8. Conditions to the Sales Agent’s Obligations. The obligations of the Sales Agent hereunder with respect to a Placement will be subject to the continuing accuracy and completeness of the
representations and warranties made by the Company herein, to the due performance by the Company of its obligations hereunder, to the completion by the Sales Agent of a due diligence review satisfactory to the Sales Agent in its reasonable
judgment, and to the continuing satisfaction (or waiver by the Sales Agent in its sole discretion) of the following additional conditions:
(a) Registration Statement Effective. The Registration Statement shall be effective and shall be available for the sale of all Placement Shares contemplated to be issued by any Placement
Notice which have not yet been issued or sold pursuant to such Registration Statement.
(b) Securities Act Filings Made.

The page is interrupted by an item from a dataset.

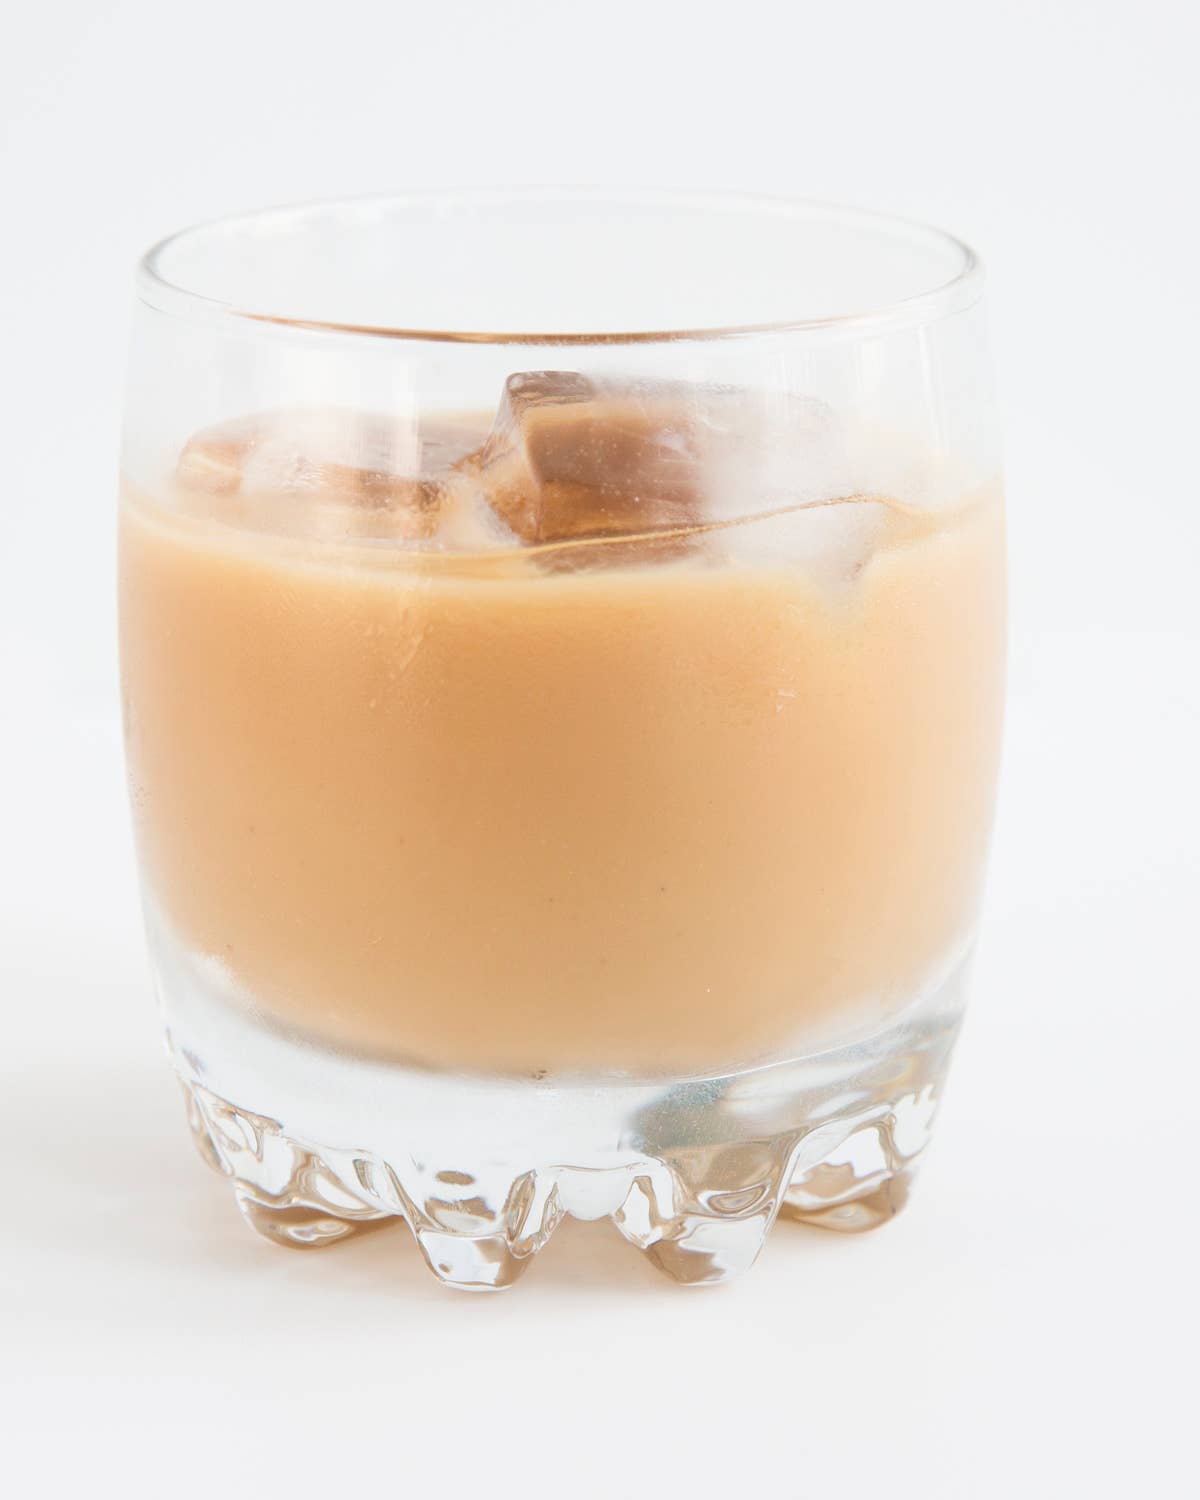 After-Dinner Coffee Meets Digestif in These 9 Cocktails
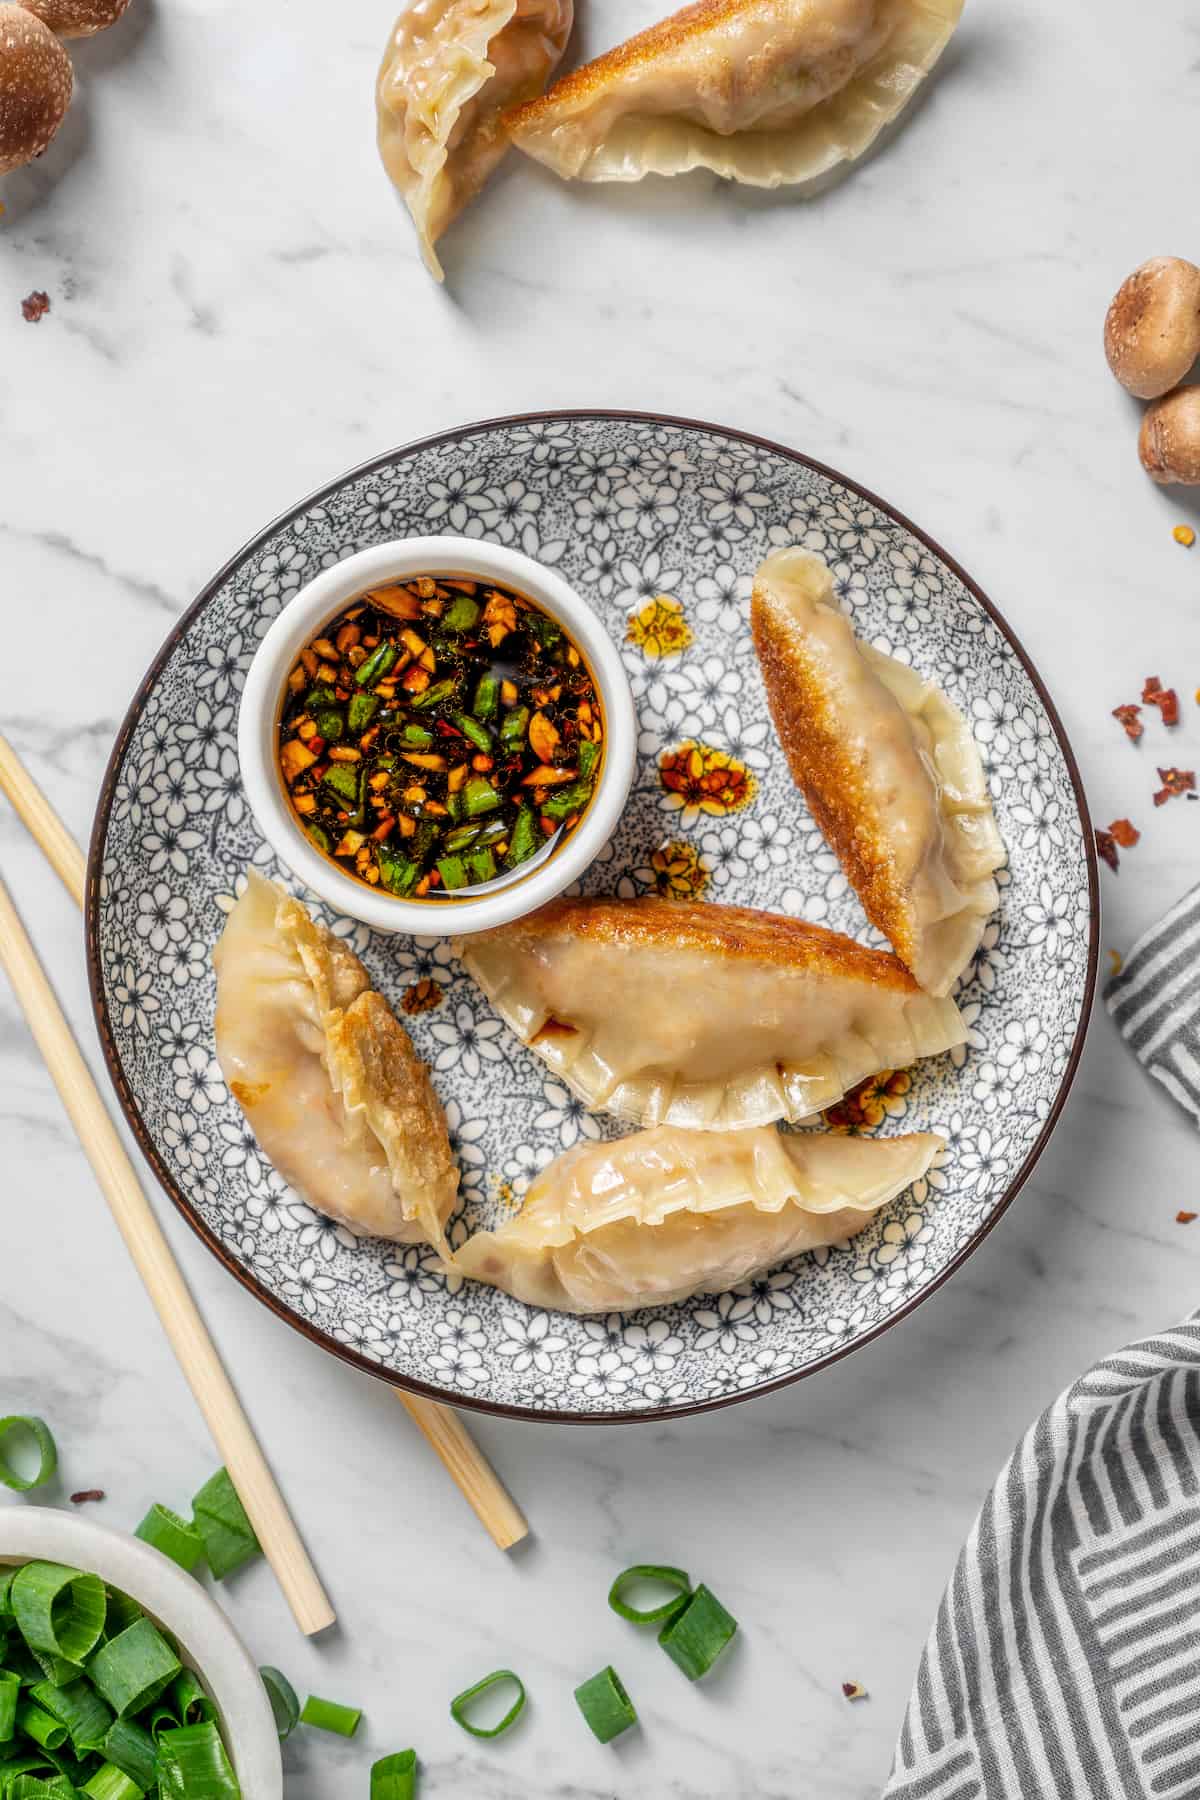 Overhead view of vegan dumplings on plate with dipping sauce

The Company shall have filed with the Commission the ATM Prospectus pursuant to Rule 424(b) under the Securities Act not later than the Commission’s close
of business on the second Business Day following the date of this Agreement. All other filings with the Commission with respect to the Placement Shares required by Rule 424(b) or Rule 433 under the Securities Act to have been filed prior to the
issuance of any Placement Notice hereunder shall have been made within the applicable time period prescribed for such filing by Rule 424(b) (without reliance on Rule 424(b)(8) of the Securities Act) or Rule 433, as applicable.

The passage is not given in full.